RogerDearnaley comments on Foom & Doom 2: Technical alignment is hard

RogerDearnaley 20 Feb 2026 1:36 UTC
2 points
0
the reward function is written in Python (or whatever), not in natural language
What’s your opinion on LLM-as-judge, Constitutional AI, and so forth, where the specification is written in natural language? Those are becoming increasingly common. That seems like it fixes the literal genie issue just as well as using an LLM as agent does.

It does of course break down if the agent you’re applying the RL to is enough smarter than the judge to be able to find loopholes/schemes that the LLM judge just can’t figure out. If the judge is an LLM learning from humans, then even after extrapolating from documents like wikipedia articles and scientific papers that were written very slowly and carefully by multiple humans, and are better than any human could just write straight out, its maximum capability is probably limited to some multiple of human capacity. So this solution might reach low ASI, but not indefinitely far (unless we could figure out some way to recurse it.)
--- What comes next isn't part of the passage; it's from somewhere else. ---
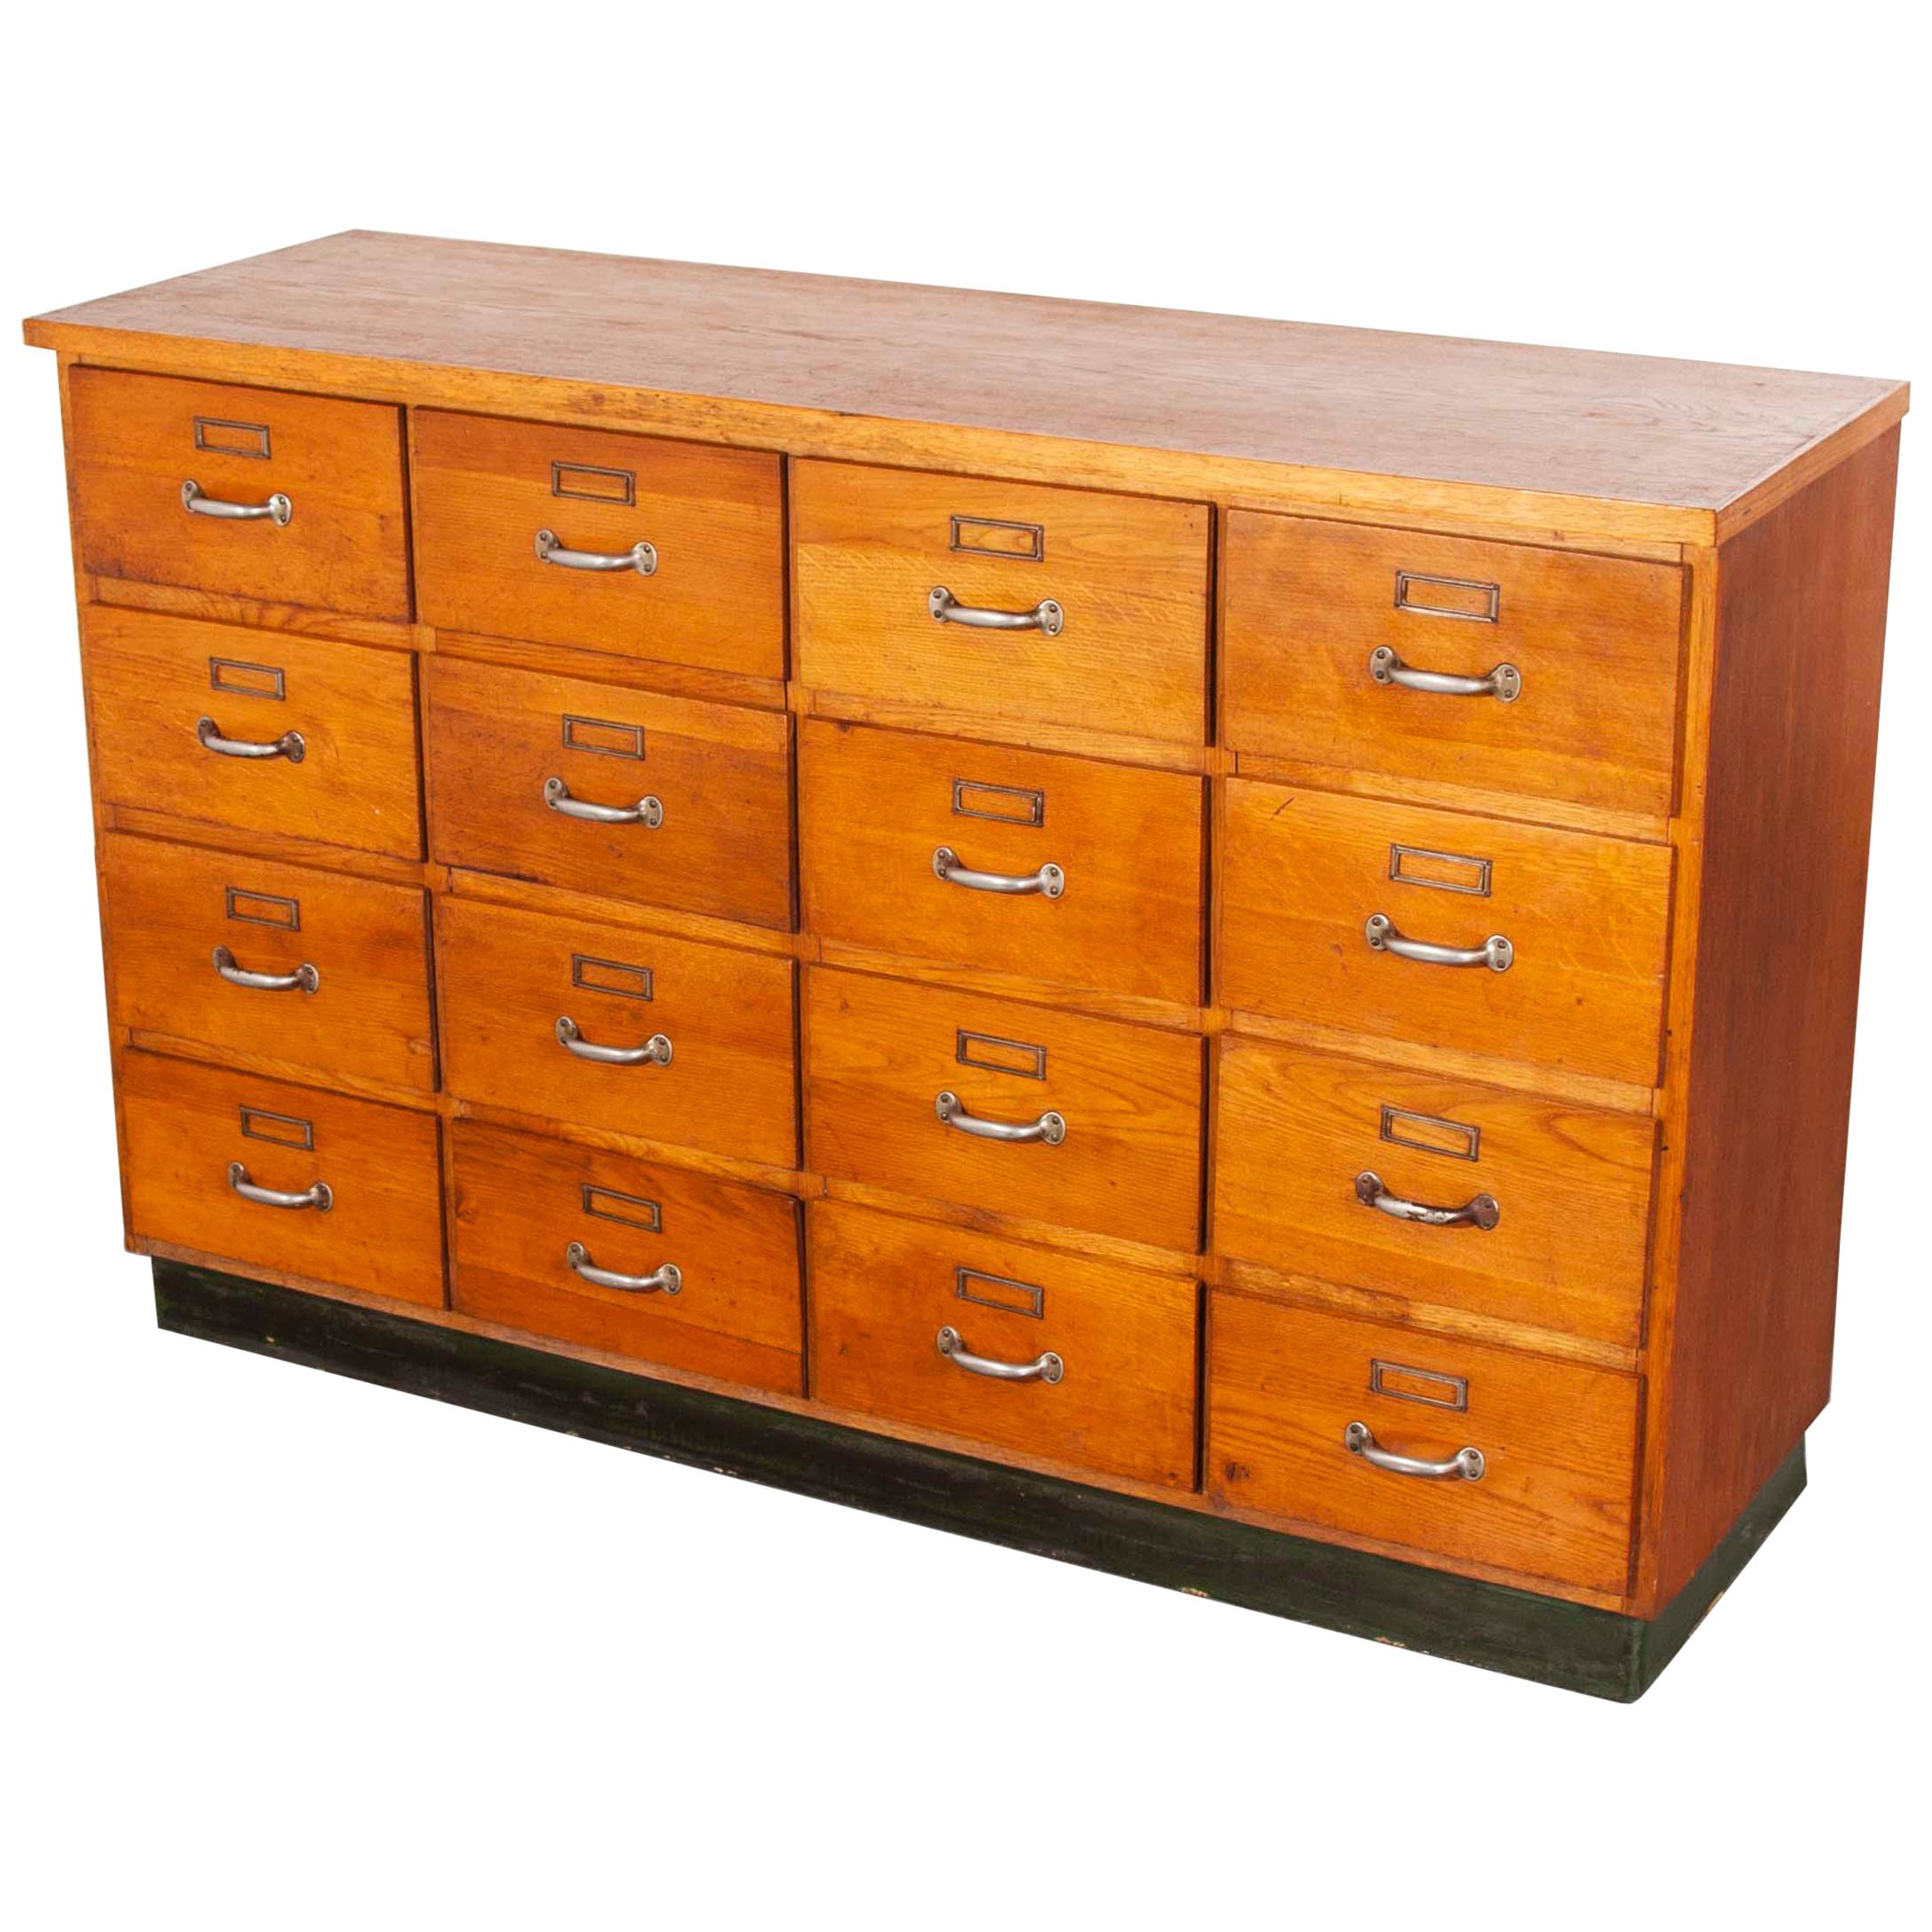 1950s Twelve-Drawer Original Oak Apothecary Cabinet, Chest of Drawers, German

[On the other hand, this is using the normal assumption that the judge needs to be roughly as smart as what it’s supervising or ith will get tricked (like in a GAN), but the human brainstem clearly manages to supervise something a lot smarter than it is. Possibly because in brain-like AGI, they’re not two separate agents, but two parts of the same agent? Still, why doesn’t the learning subsystem in brain-like AGI learn ways to trick/manipulate the steering subsystem? Or does it?]
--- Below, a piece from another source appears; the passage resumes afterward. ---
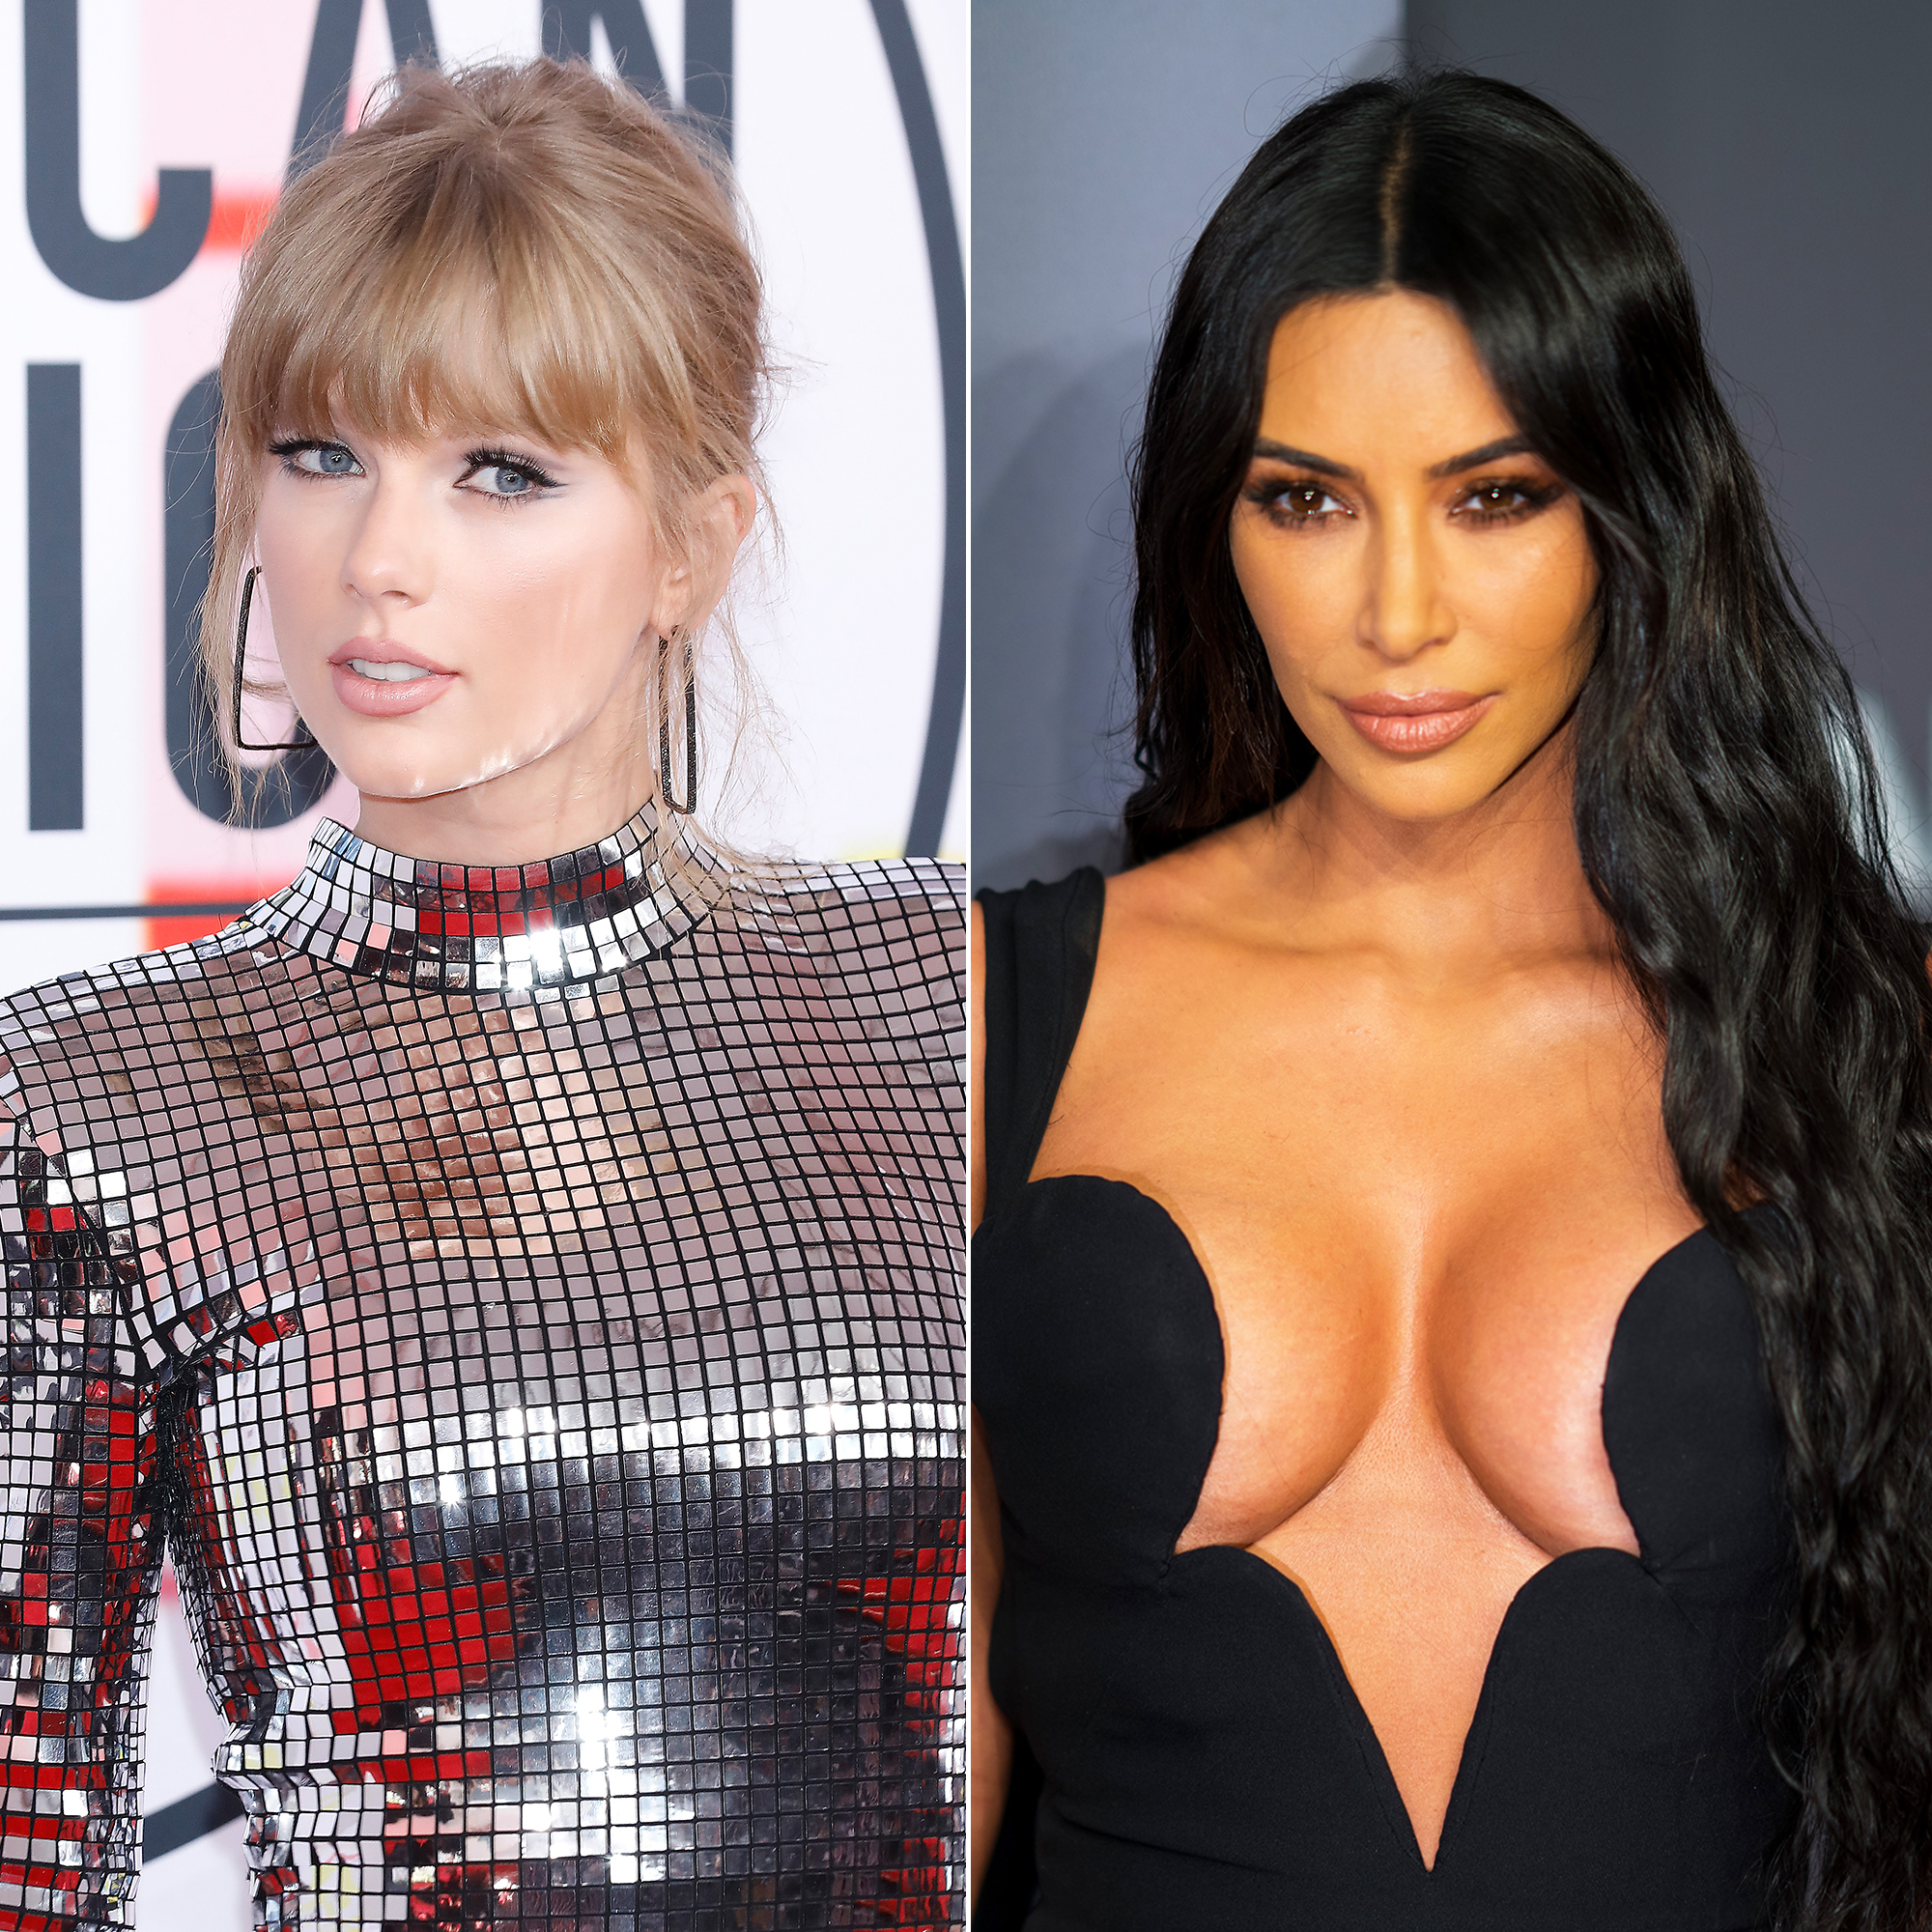 Taylor Swift's Feuds Then and Now: Katy Perry, Kanye West, More

So, how would we recurse an LLM to get it to a higher capacity? Take off from there: build a value-learning version of AIXI (with approximate Bayesianism so it’s physically implementable). Ruthless consequentialism + Bayesian inference on a world model on a known-to-be-not-fully-known utility function, connected to ruthless consequentialism + Bauesian inference on figuring out what the correct Utility function is by learning human values. Clearly the latter becomes a high priority: assume the model starts smart enough to understand the statistical arguments for Goodharts Law, so understands that extrapolating out-of-distribution, i.e. outside the region that is well-predictable given the extent to which your approximate Bayesianism has narrowed the hypothesis set of your utility function, is a recipe for miscalculations unless you pessimize over the remaining Knightian (i.e. hypothesis) uncertainty, so it pessimizes correctly (fiddly, but basically well understood graduate level statistics), rather than naively extrapolation out of the space it understands. Thus it realizes that doing more value learning more would improve both its accuracy and the action space that it knows how to use safely, (Anything not smart enough to undersstand and do this couldn’t do scientific research anyway.)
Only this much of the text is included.